The ability to sample high-speed signals will enable their direct digital signal processing. This task has proved challenging due to the need for fast and reliable ADCs. Delta-sigma modulators have recently become more practical due to improvements in technology that allow for implementation of high oversampling rates. Nonetheless, while electronic ADCs have been developed that are as fast as 18 GHz (1-bit) and 10 GHz (5-bit), the fastest commercially available electronic ADC currently known is the ADS1605/1606, a 16-bit delta-sigma ADC with a 5 MHz sampling rate, made by Texas Instruments. In order to effectively over-sample high-speed signals such as RF signals in C-band, an ADC with a sampling rate of over 100 GHz is needed.
Recently, a device having an optical switching time of 1.5 ps has been demonstrated, as discussed in Nishizawa et al., Ultrafast all optical switching by use of pulse trapping across zero-dispersion wavelength, Optics Express 11(4) 359-365 (24 Feb. 2003), incorporated herein by this reference. This and/or similar devices show promise for optical implementations of delta-sigma modulators.
Conventional modulators produce bipolar output (1, −1). A difficulty with optical implementations is handling negative values. Existing optical implementations have used the interference of light beams to overcome this problem. The use of interferometric methods, however, presents stability problems due to the laser frequency and/or phase fluctuations and component vibration.

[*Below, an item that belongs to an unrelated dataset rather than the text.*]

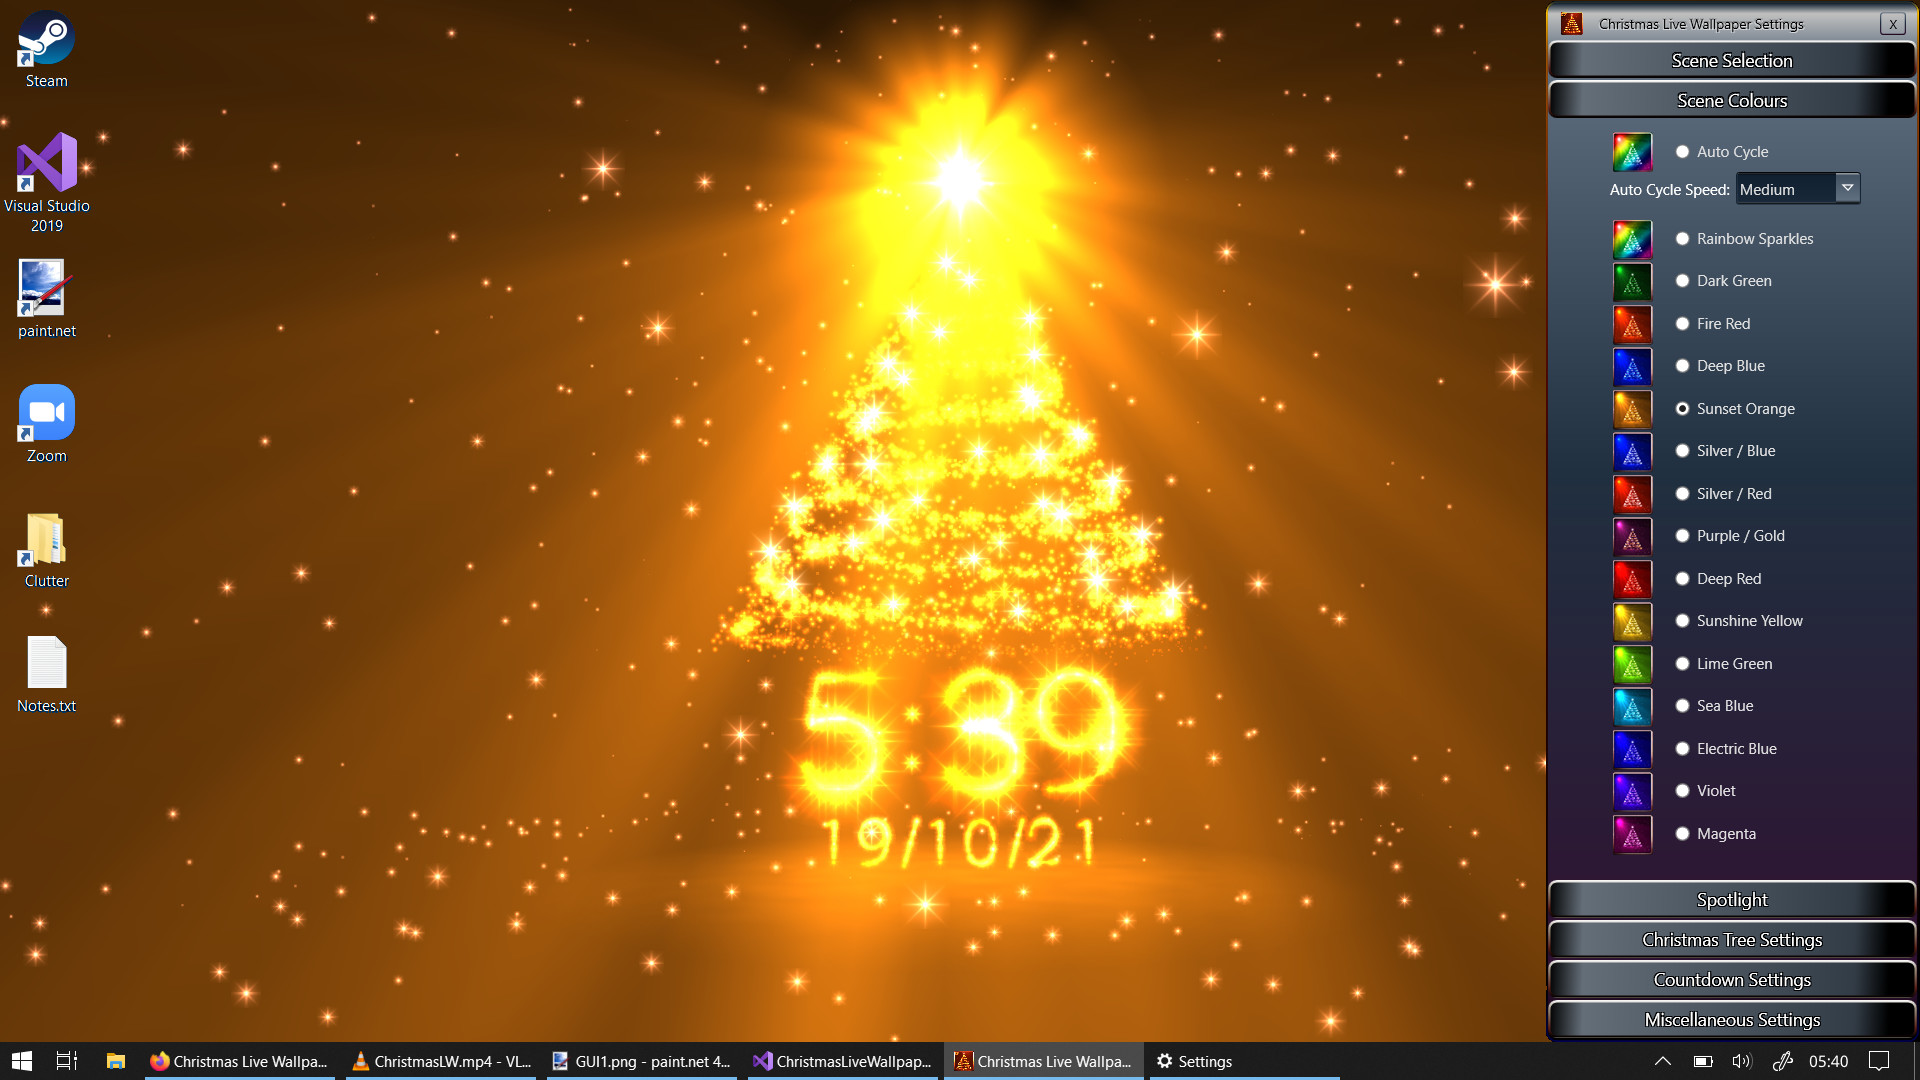 Christmas Live Wallpaper on Steam

Another disadvantage of many conventional delta-sigma modulators is that they require sample-and-hold or similar devices, which slow the oversampling rate. A further disadvantage of existing delta-sigma modulators is that they are unable to adjust the input signal range, so that when a signal of interest is beyond the input signal range, the conventional delta-sigma modulator becomes unstable and is thus unable to modulate the signal.
Accordingly, there is still a need for faster electronic and/or optical ADCs with higher sampling frequencies.